Given material: Begin
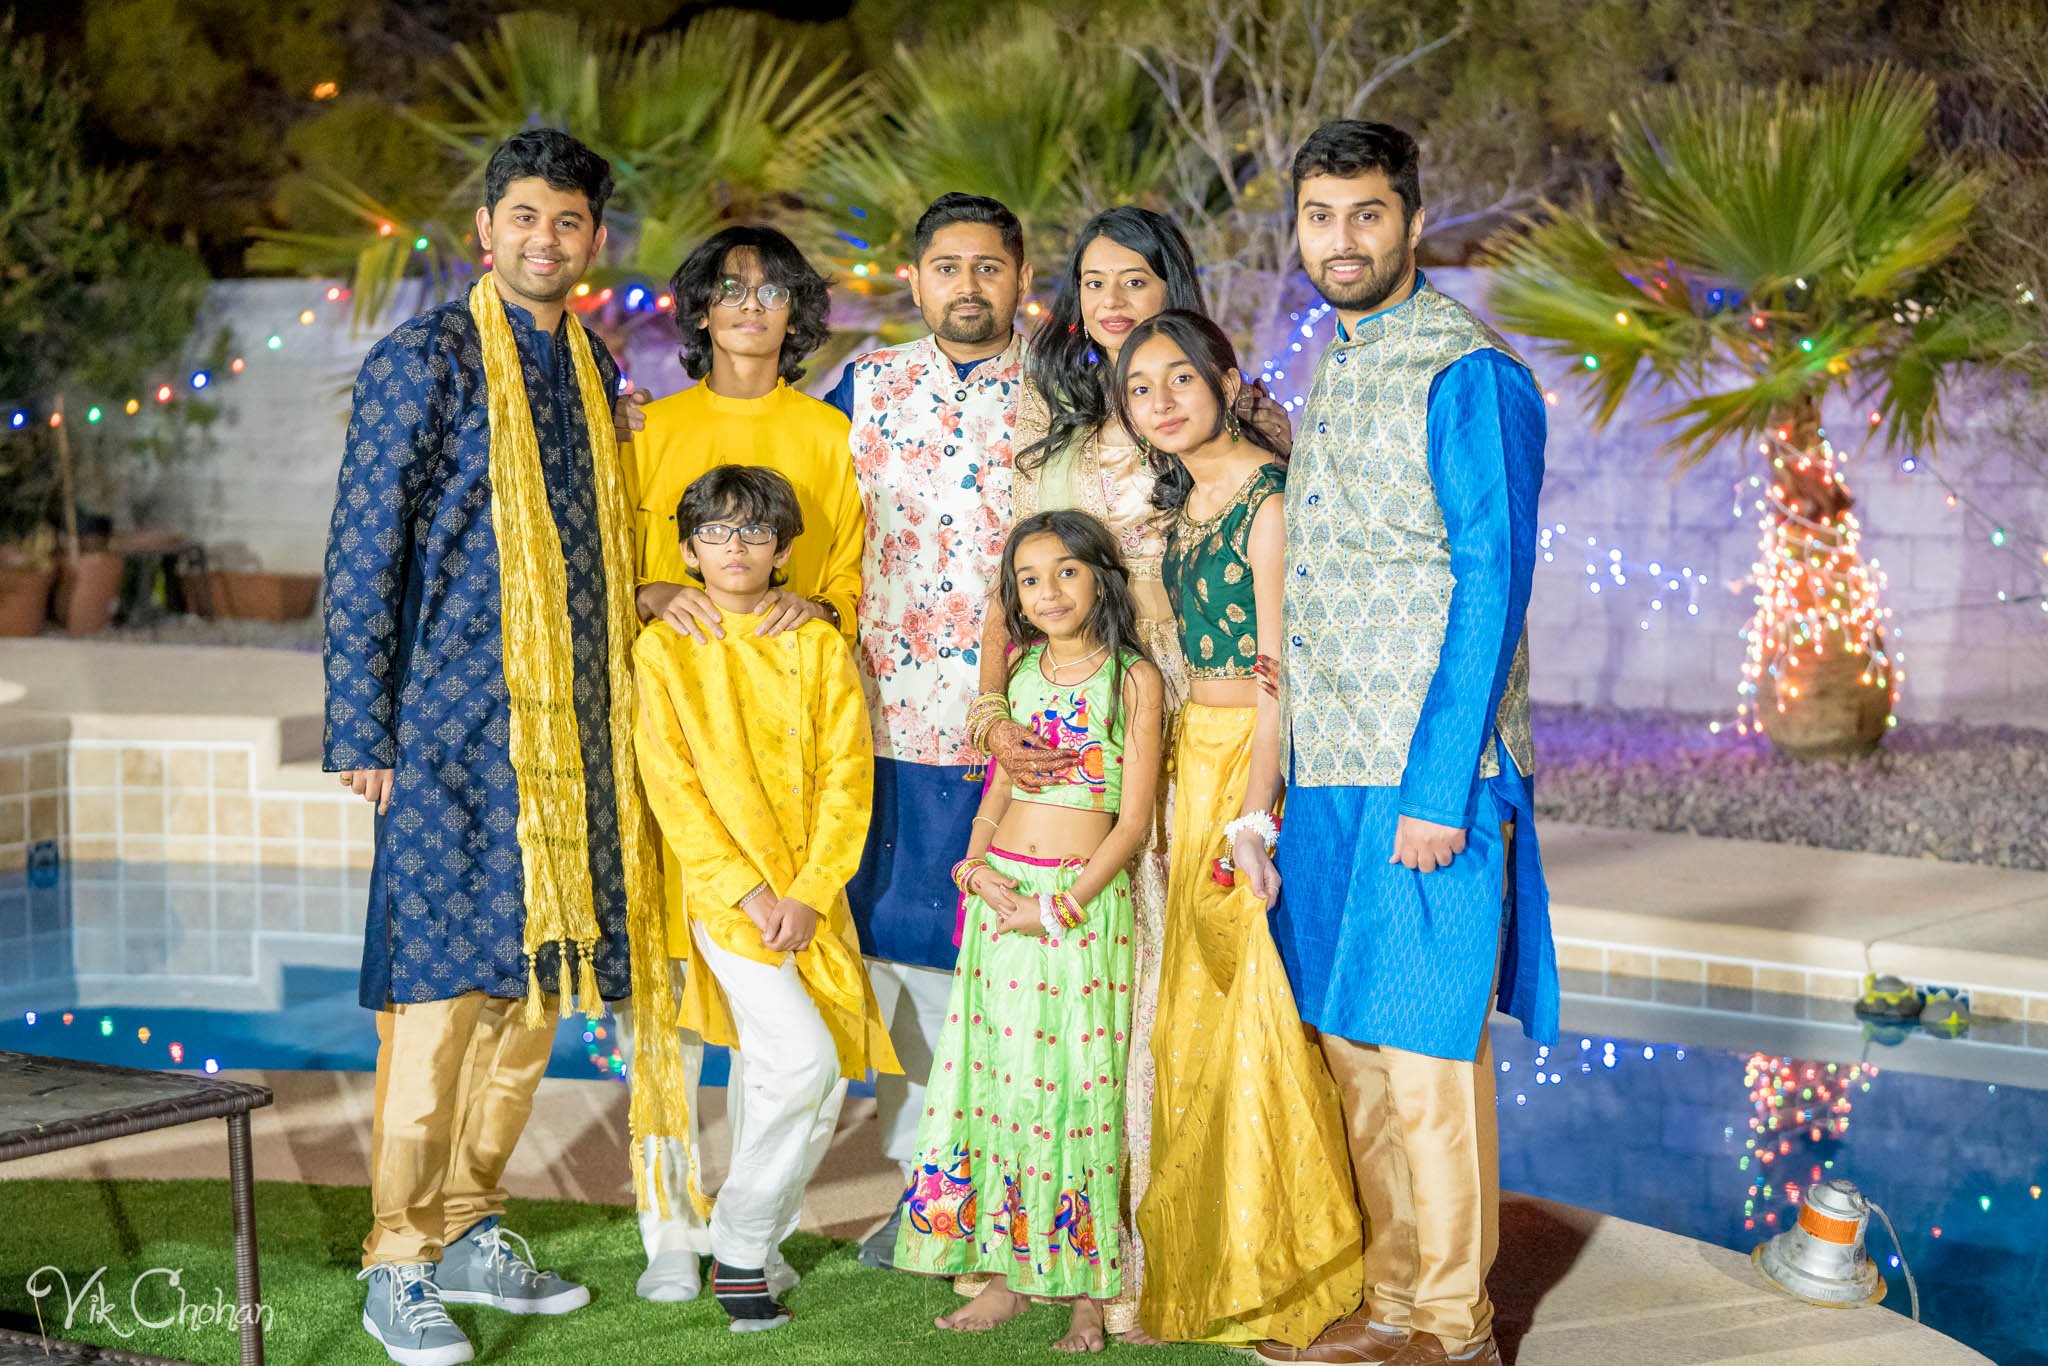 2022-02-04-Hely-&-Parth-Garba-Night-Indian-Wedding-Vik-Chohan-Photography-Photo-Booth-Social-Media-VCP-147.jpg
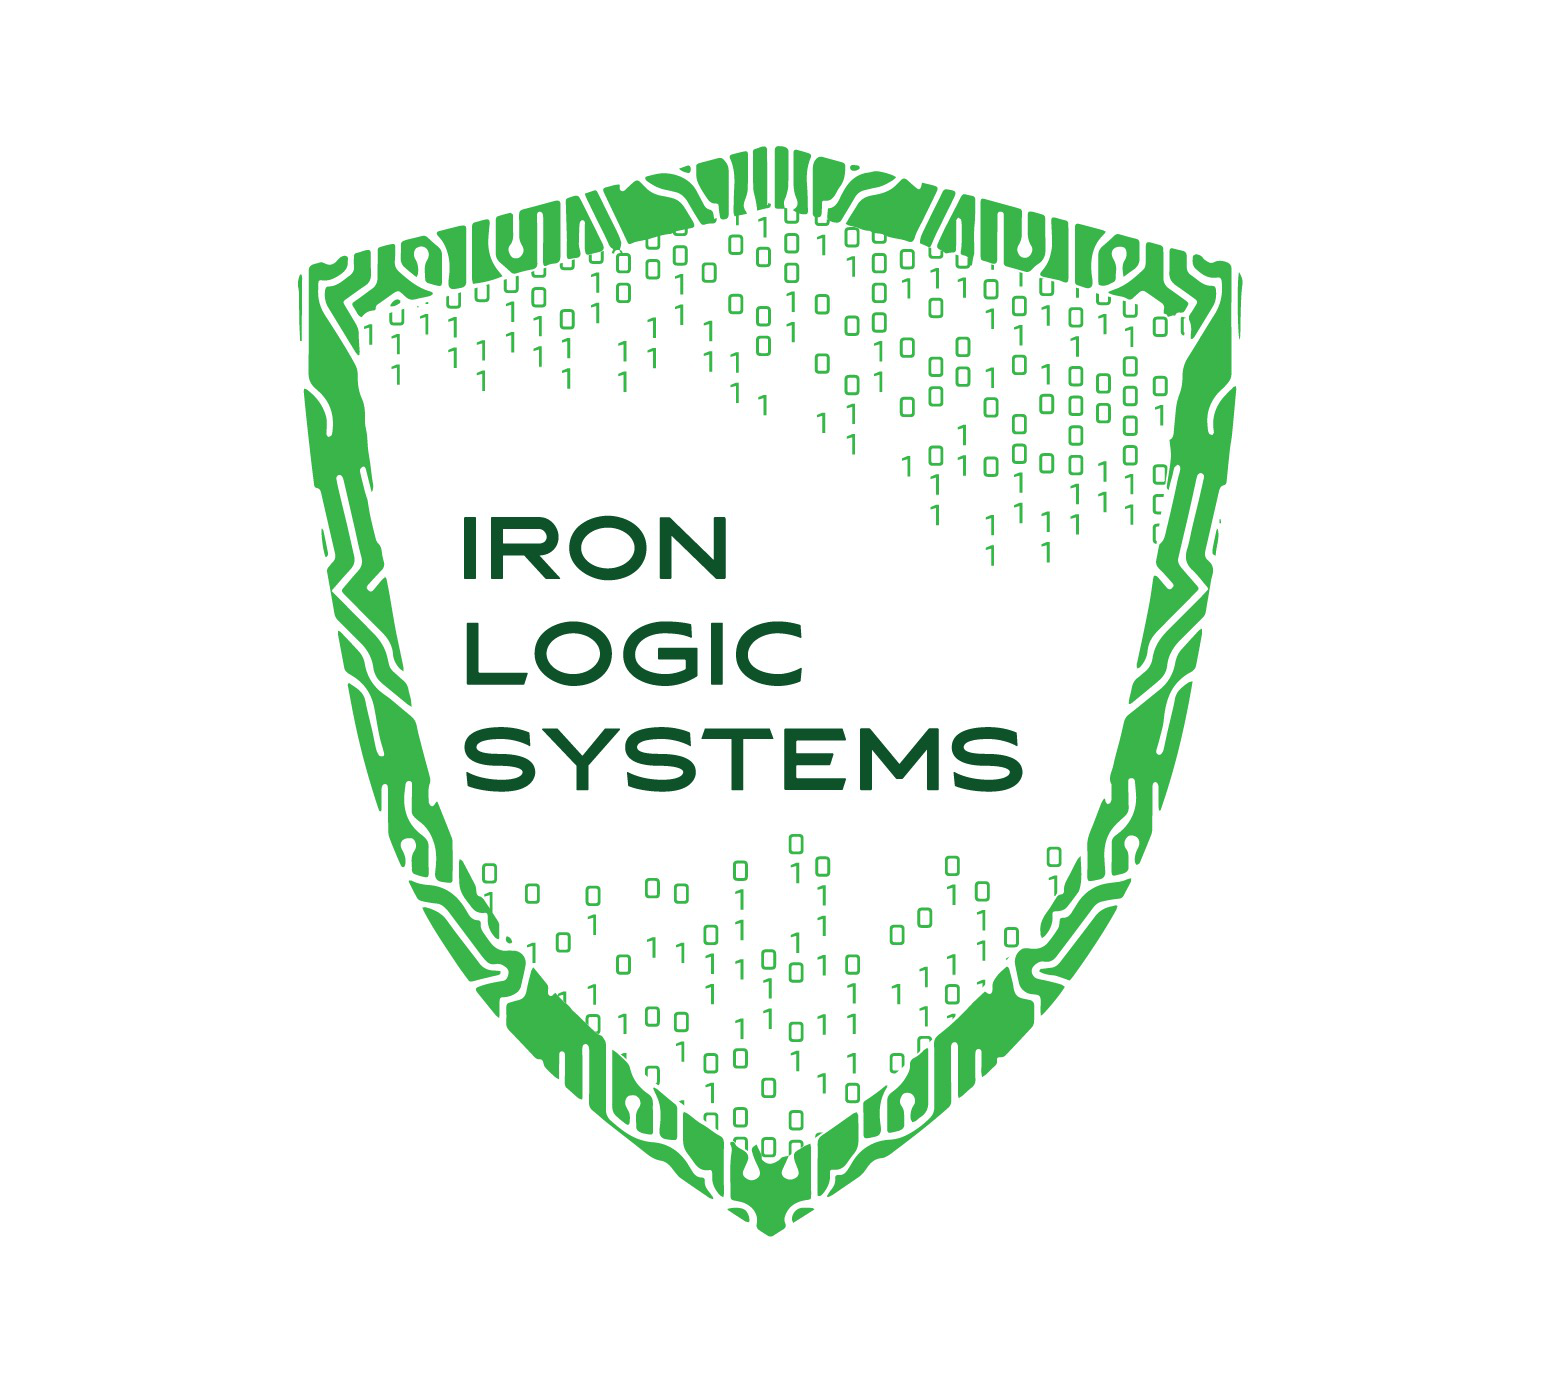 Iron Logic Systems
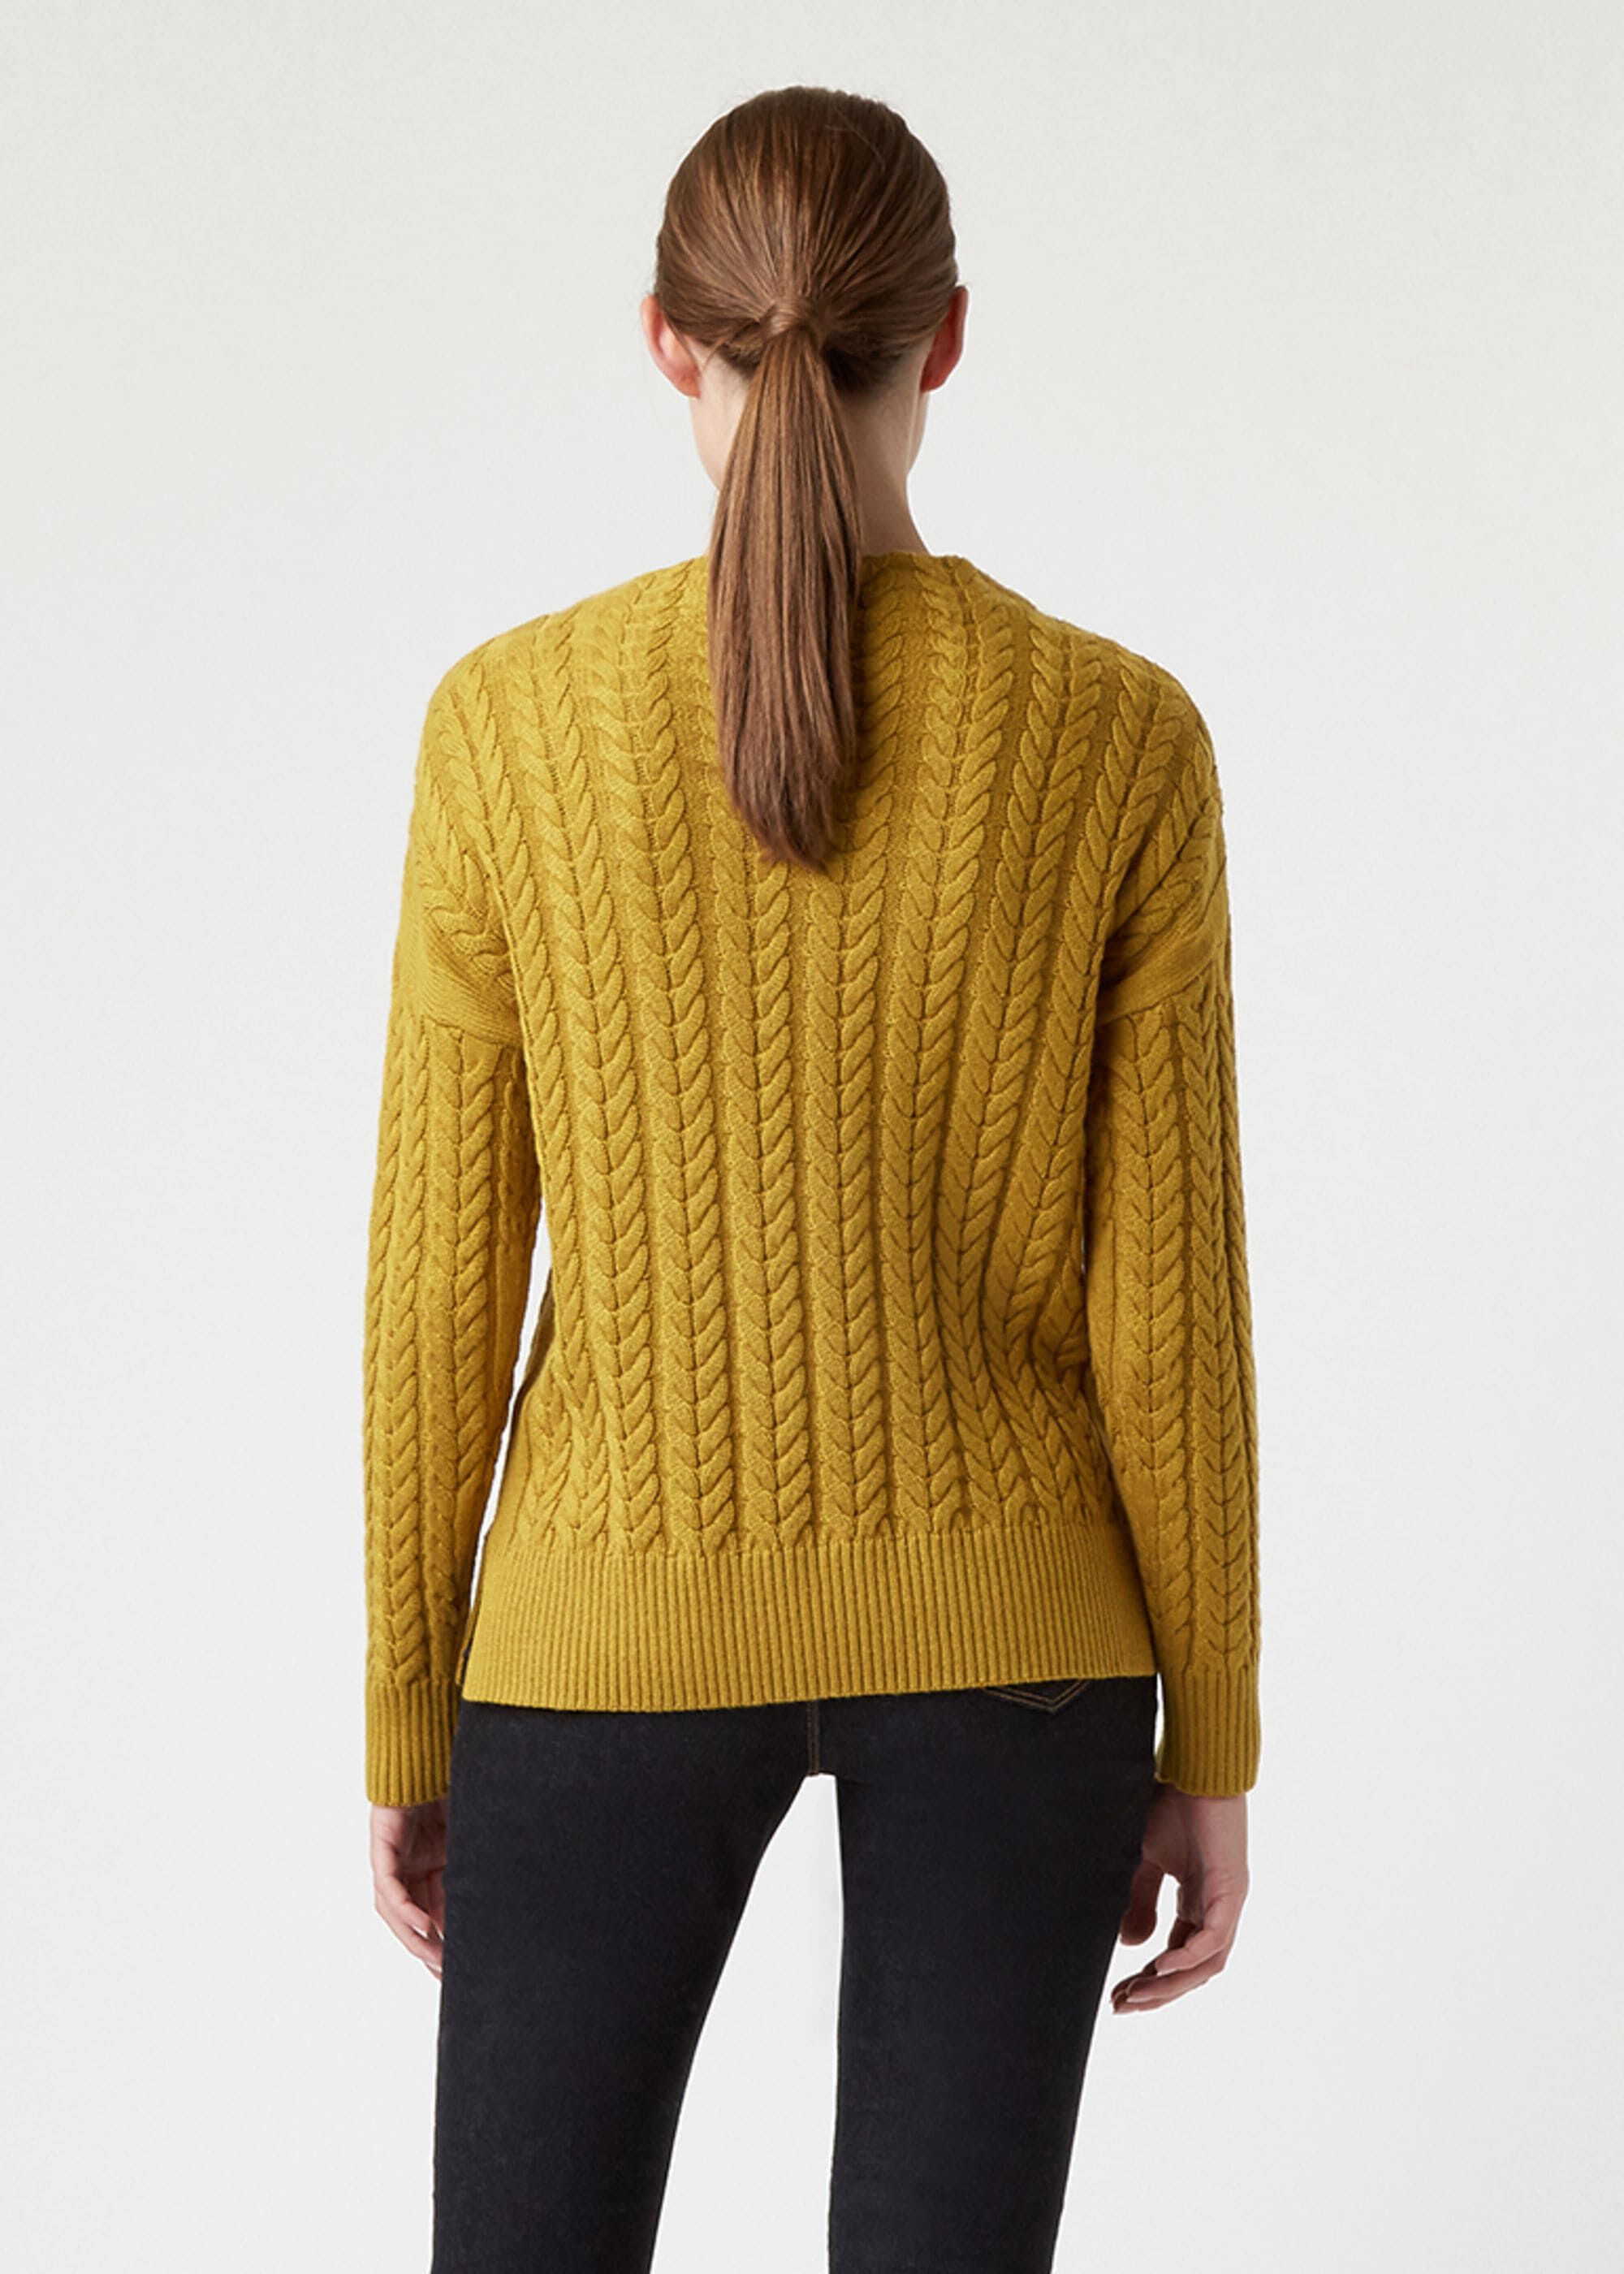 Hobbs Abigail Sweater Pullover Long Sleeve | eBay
Given material: End
• Exercise requirements
Pictures aside, the material must be written out word for word.

• Solution to this exercise
 2022-02-04-Hely-&-Parth-Garba-Night-Indian-Wedding-Vik-Chohan-Photography-Photo-Booth-Social-Media-VCP-147.jpg
 Iron Logic Systems
 Hobbs Abigail Sweater Pullover Long Sleeve | eBay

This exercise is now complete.